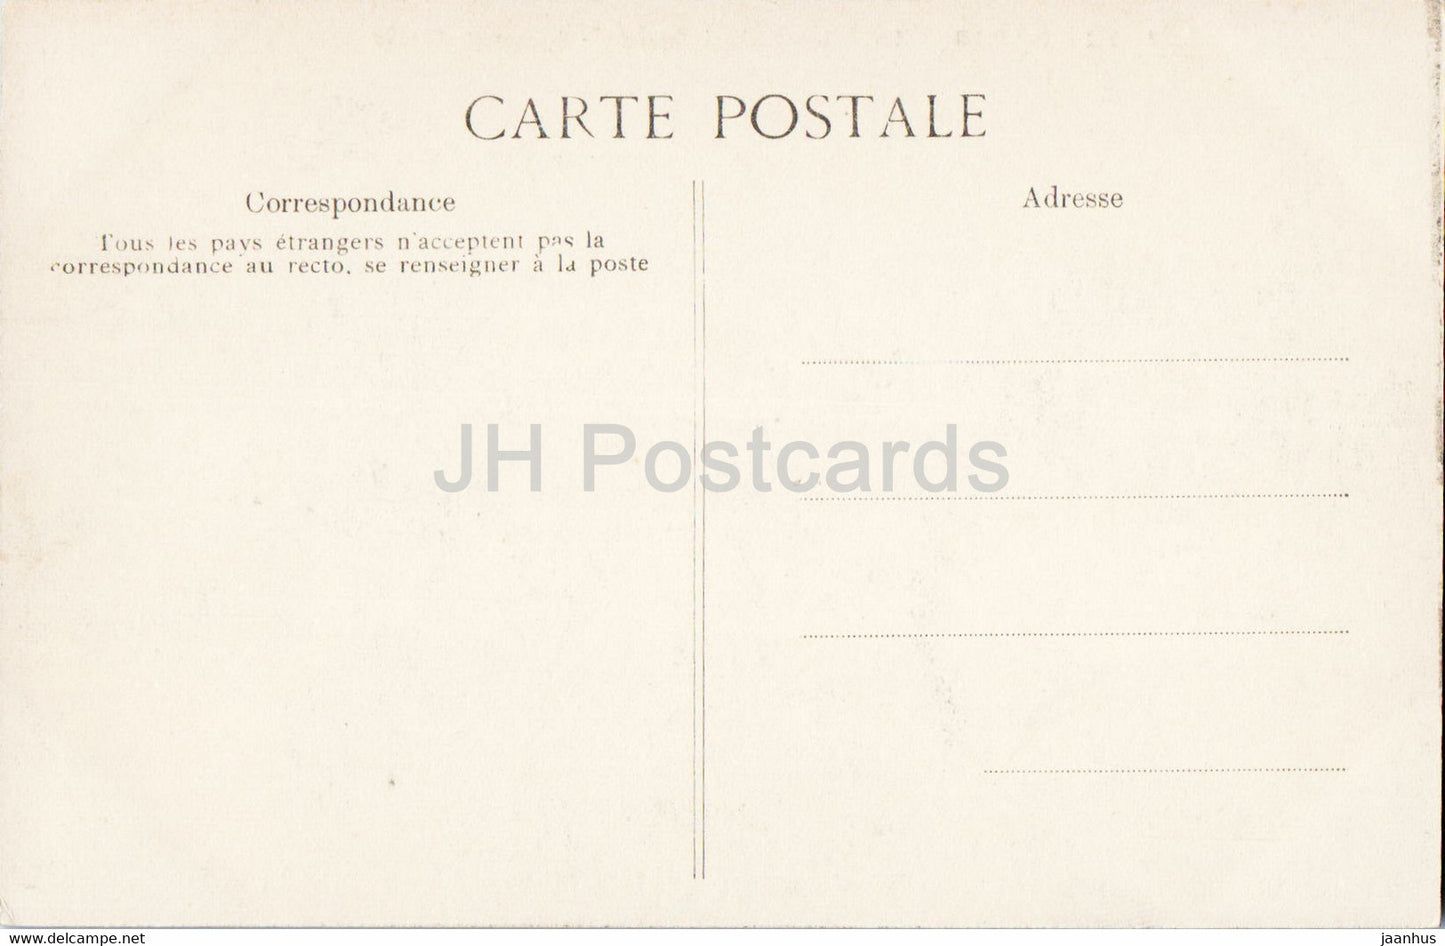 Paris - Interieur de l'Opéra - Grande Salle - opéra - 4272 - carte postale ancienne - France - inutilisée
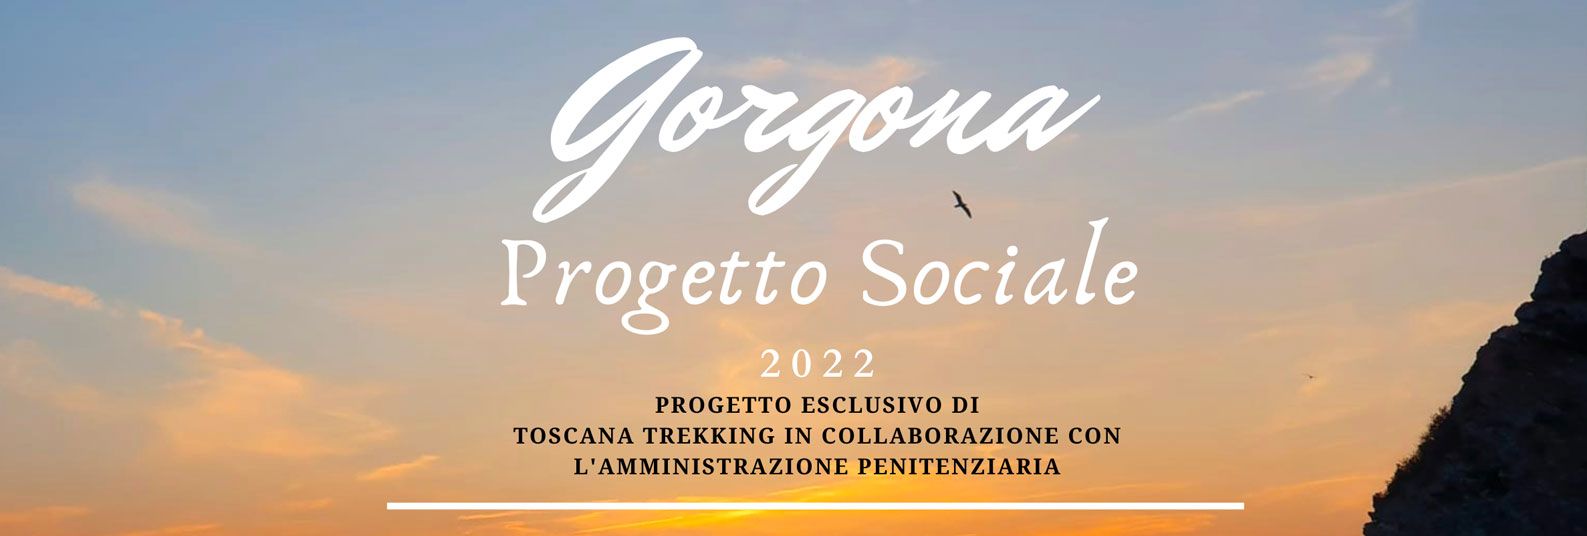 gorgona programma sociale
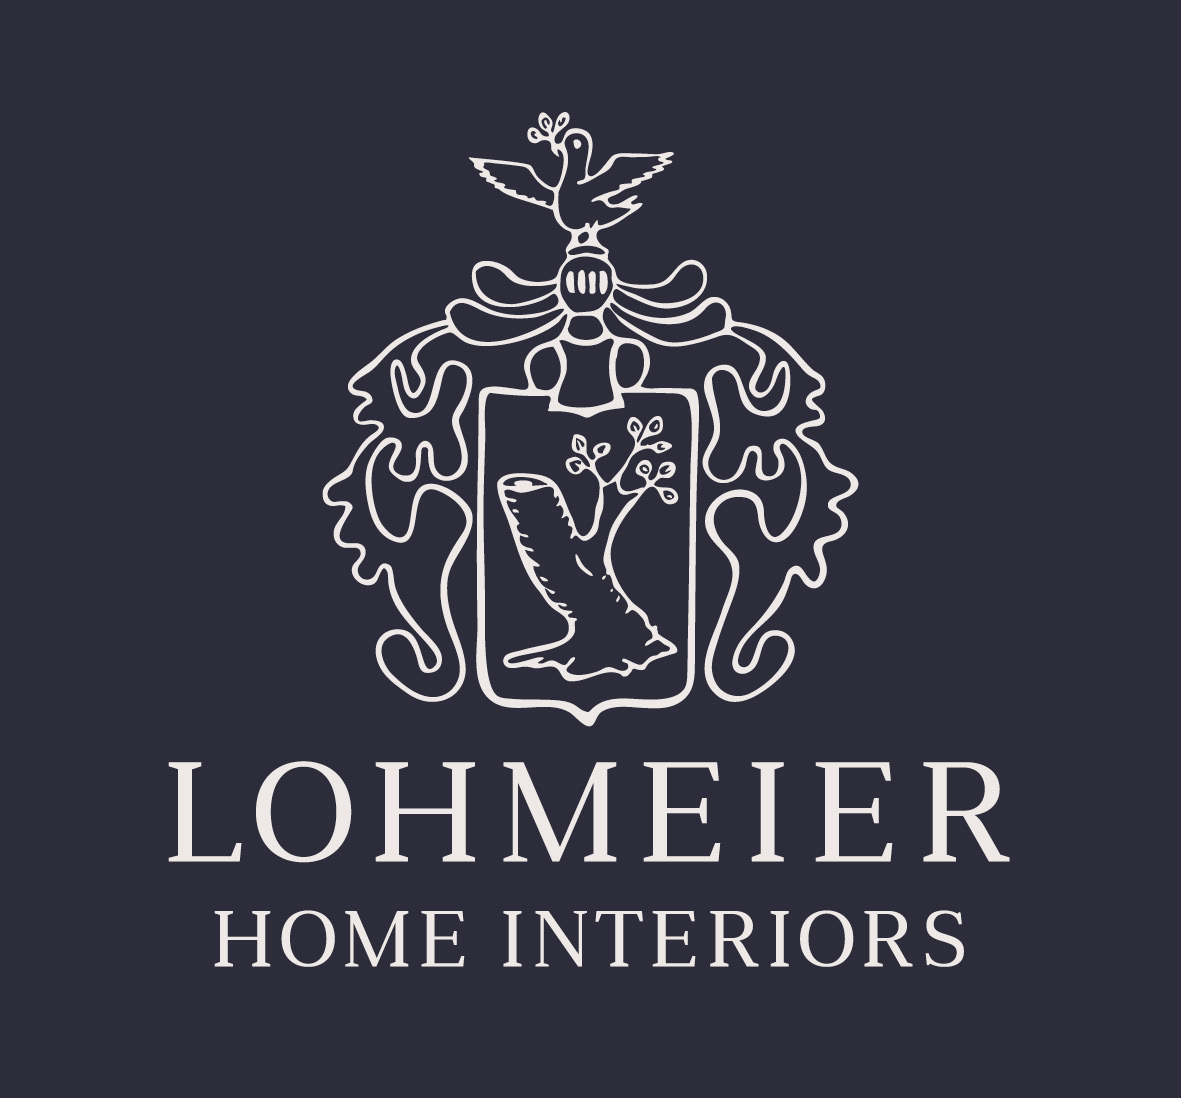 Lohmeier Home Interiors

_ _ _ _ _

Task to complete: Please print exactly the lines from the one holding "gorgona programma sociale" through the final line of the data above, including both, and skip all pictures.

Answer section:
 gorgona programma sociale
 Lohmeier Home Interiors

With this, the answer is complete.